Methods of assessing risk of psychiatric patient violence to be scrutinised

Procedures used by mental health professionals to assess the risk of patient violence are to be scrutinised as part of a programme to reduce the number of suicides and homicides by people with mental health problems.

The Department of Health is to launch a “risk management programme” in a bid to improve how psychiatrists, nurses and other professionals assess the risk of patients becoming violent or suicidal.

The government says between 55 and 60 homicides are committed by mental health patients per year, and around 1,000 people who have used mental health services commit suicide per year.

The government said last week it wants to develop a “national evidence framework” for assessing and managing risk and to develop guidance on information sharing between agencies about high-risk patients.

In a related measure, the government is to review the care programme approach (CPA) used by professionals to assess, plan, coordinate and review care of patients.

This review will aim to look at ways to reform the “cumbersome” and “bureaucratic” care planning process, and give patients more control over their care and choice of treatment. Proposals include strengthening the role of the care coordinator and improving information sharing between health, social care and criminal justice agencies.

Mental Health Minister Rosie Winterton said: “We need to be better at spotting the signs of danger, we need to improve the way agencies work together and we need to provide care that will help patients recover and regain their independence.”

Ms Winterton also emphasised that she plans to go ahead with supervised “community treatment orders” (CTOs). Plans for CTOs are to be included in a “streamlined” mental health bill. CTOs, already active in Scotland, aim to ensure that patients discharged from compulsory treatment in hospital continue to comply with treatment.

The Sainsbury Centre for Mental Health has different homicide figures to the government. It has previously stated that between 30 and 50 killings each year out of 800 are by people who are in contact with mental health services. And critics are accusing the government of failing to recognise that this “tiny” percentage of all homicides committed by people with mental health problems has not increased in the last 30 years.

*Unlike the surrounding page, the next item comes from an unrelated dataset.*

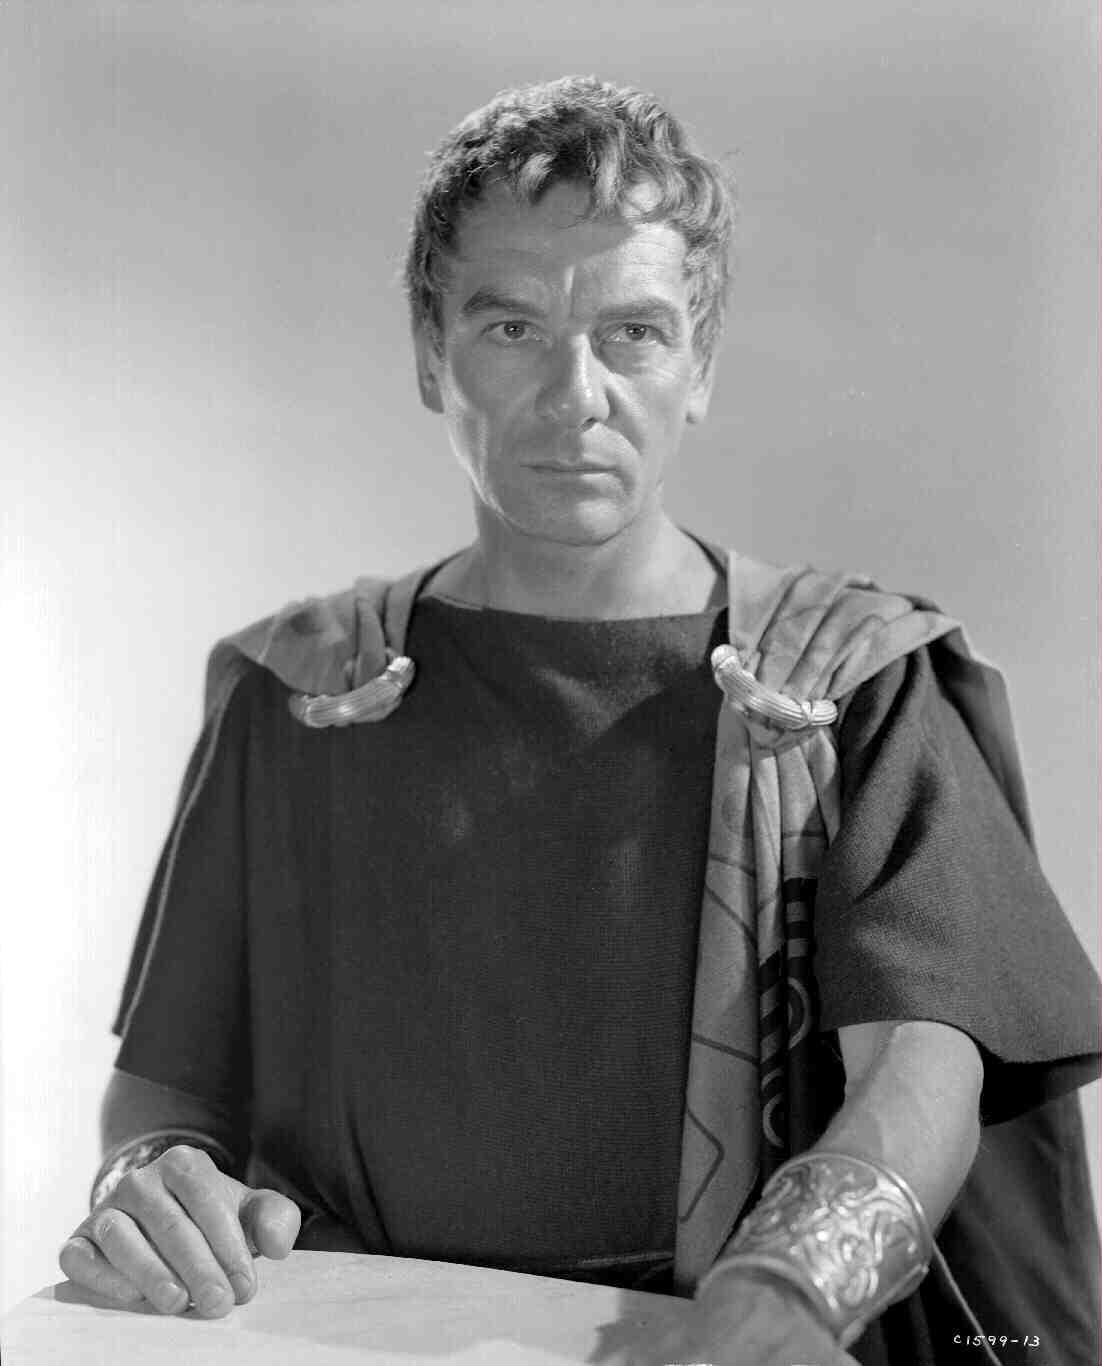 Eclectic Rhapsodics: Well, Brutus, Thou Art Noble

They argue that making sure patients receive care and treatment when they request it will reduce violent or suicidal incidents more than increasing compulsory treatment

Mental health charity Mind’s chief executive, Paul Farmer, welcomed the reform of the CPA. He said that ” giving service users choice over their own care is crucial to wellbeing and recovery.”

But he added that the government should be focusing on giving people “the right to help”.

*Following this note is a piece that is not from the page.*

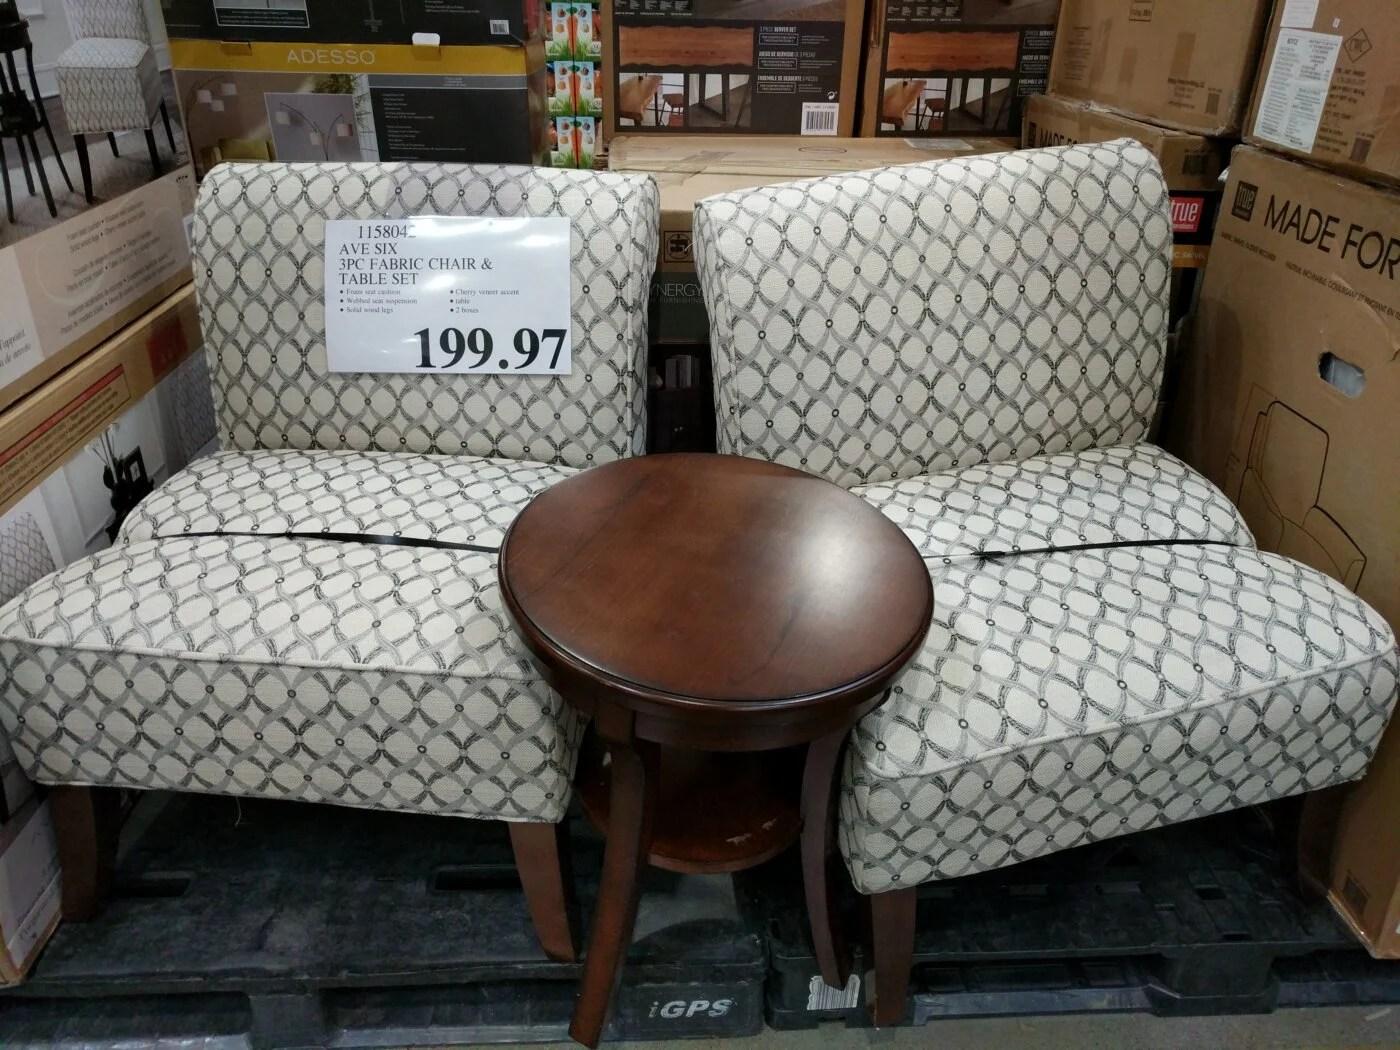 Avenue Six 3 Piece Fabric Chair U0026 Table Set

“It is too often the case with the rare homicides committed by people with mental health problems that services have failed to engage with people who are actually going and asking them for help, let alone put together a care plan with them,” he said.

“Mind urges the government to review its approach to amending mental health legislation to ensure that the law empowers people by giving them the right to help when they ask for it. This is the best way to reduce the risk of tragic incidents occurring.

“Compulsory treatment cannot make any difference here, when the problem is not that people are refusing treatment, but that they are not being given treatment when they seek it.”

Kathryn Hill, director of mental health programmes with the Mental Health Foundation charity, said: “Despite what society is led to believe people with mental health problems actually pose very little danger to the public…Drugs and alcohol are a much bigger factor in homicides than mental illness.”

She added that people with mental health problems are more often the victims of violent crime and abuse both on the street and in inpatient settings. A National Patient Safety Agency report, published in July, revealed that from November 2003 to September 2005, there were 44,000 reported harmful incidents inside mental health settings, including 19 alleged rapes of patients. Most incidents were in inpatient settings.

The government’s measures are based on recommendations contained in an independent review of homicides by people diagnosed with a severe mental illness. It was carried out by Professor Tony Maden of Imperial College London.